ASSIGNMENT: Give back the data exactly, with no images.

THE DATA section start

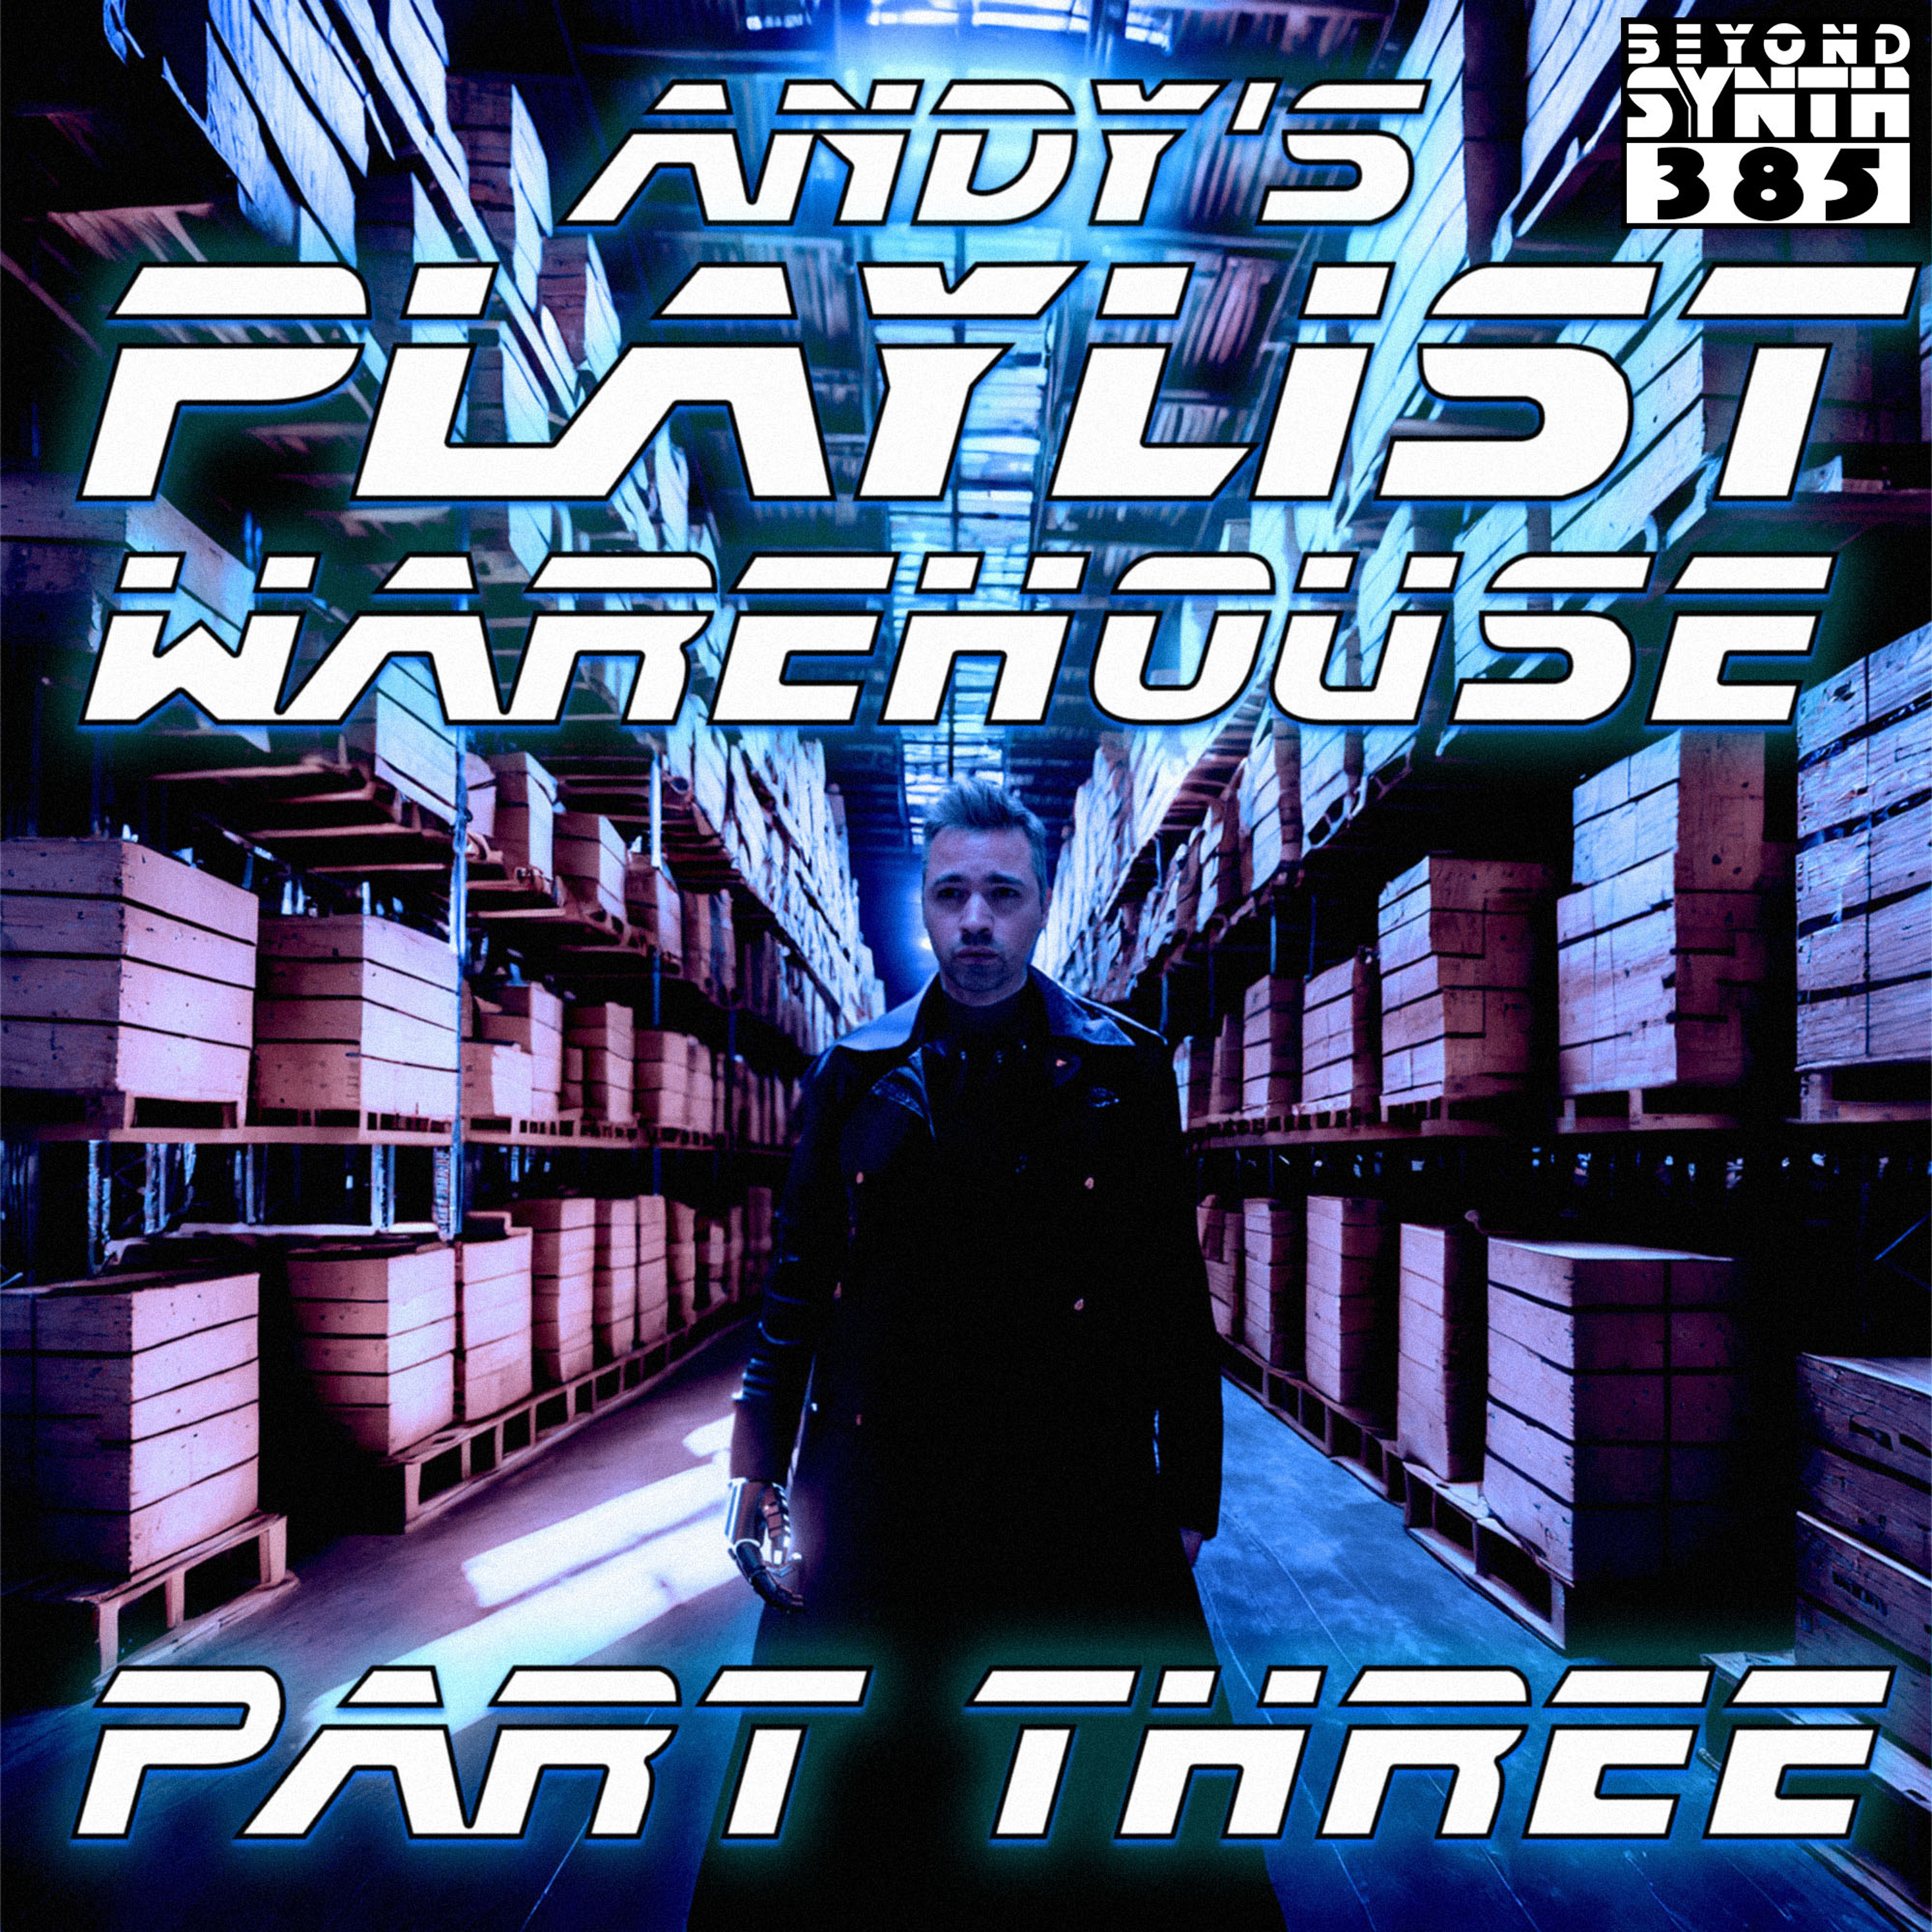 Beyond Synth - 385 - Andy's Playlist Warehouse 03 with Cenotaff Knight Of Ducks and Joe Ozone
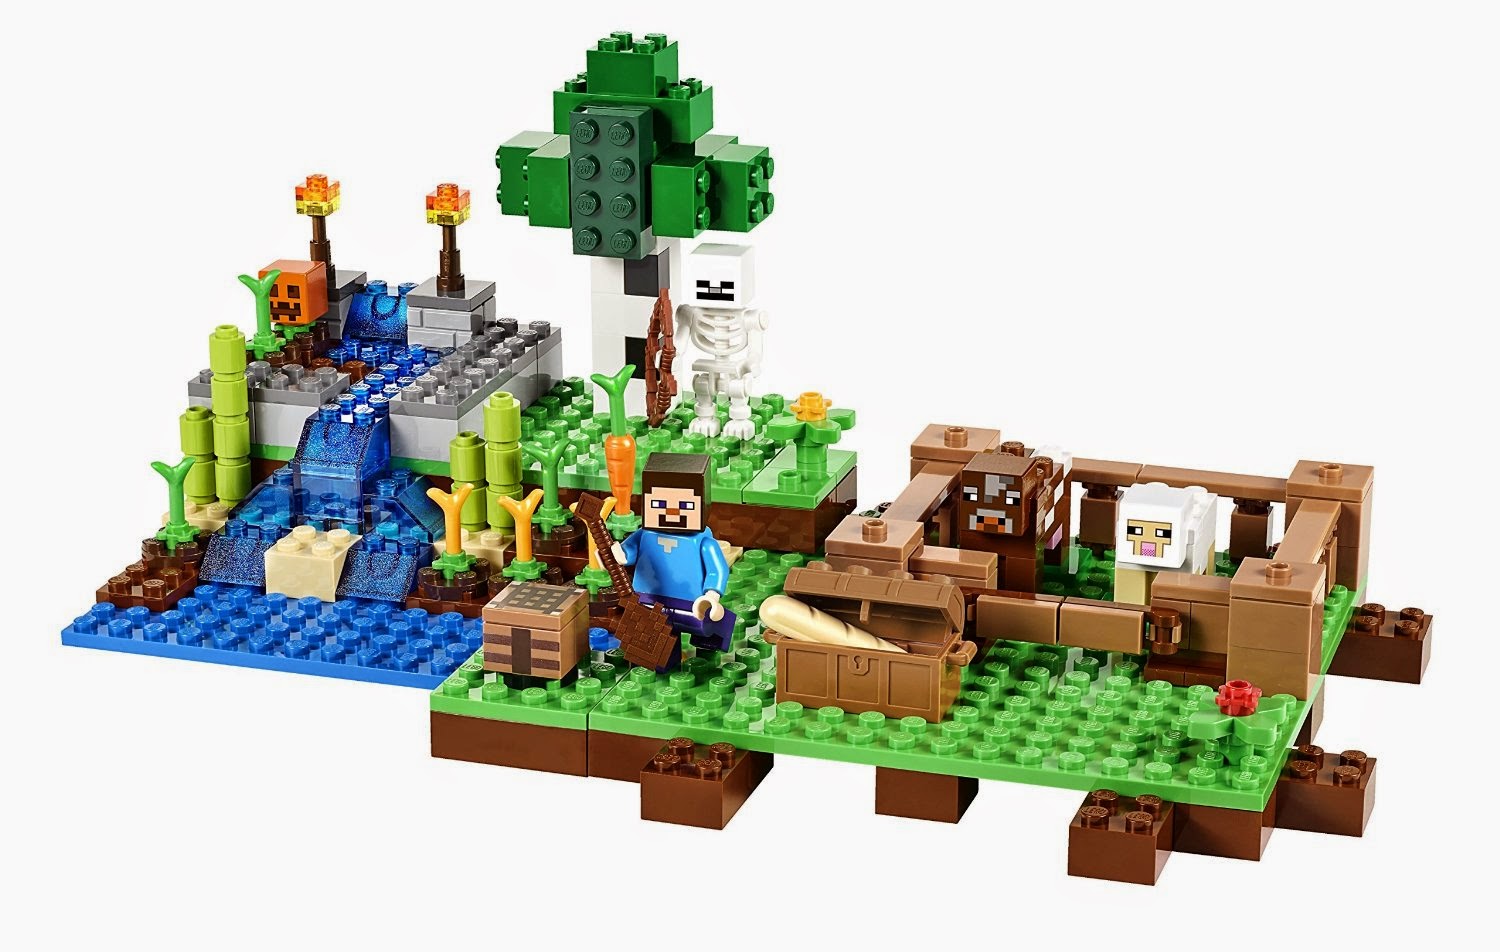 Latest Trending Toys for Boys and Girls: LEGO Minecraft - Popular toys
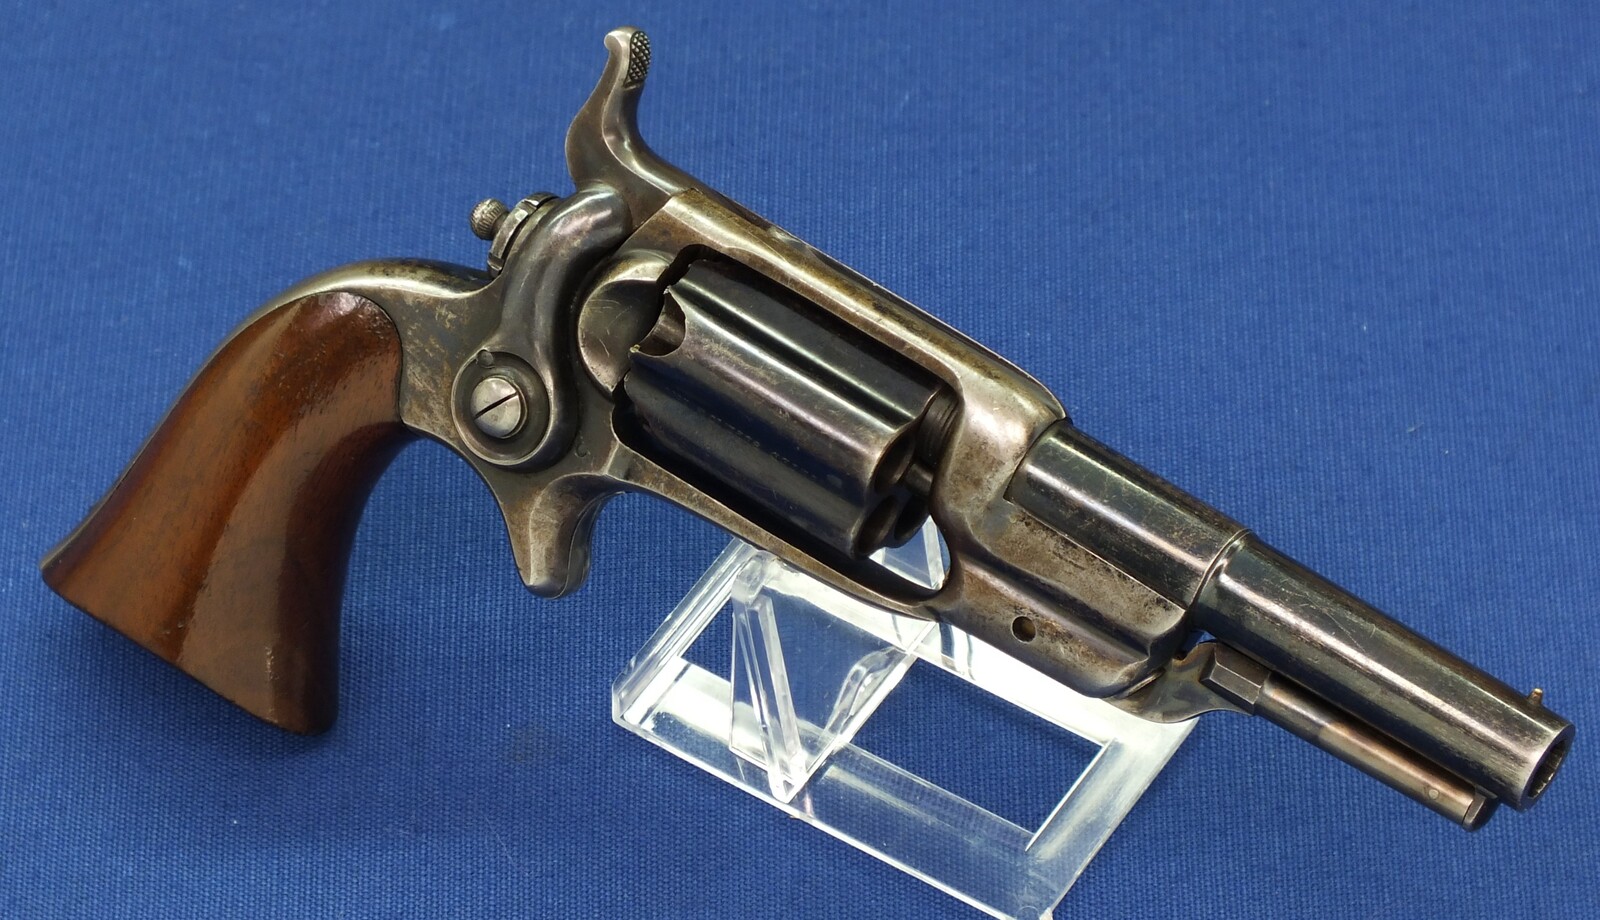 A fine antique Mahogany cased American Colt Model 1855 Root Model 5 Sidehammer Pocket Percussion Revolver. 5 shot Fluted Cylinder. 31 Caliber. 3,5 inch round barrel with New York address. In very good condition. Price 4.450 euro.

THE DATA section end

EXERCISE SOLUTION:
 Beyond Synth - 385 - Andy's Playlist Warehouse 03 with Cenotaff Knight Of Ducks and Joe Ozone
 Latest Trending Toys for Boys and Girls: LEGO Minecraft - Popular toys
 A fine antique Mahogany cased American Colt Model 1855 Root Model 5 Sidehammer Pocket Percussion Revolver. 5 shot Fluted Cylinder. 31 Caliber. 3,5 inch round barrel with New York address. In very good condition. Price 4.450 euro.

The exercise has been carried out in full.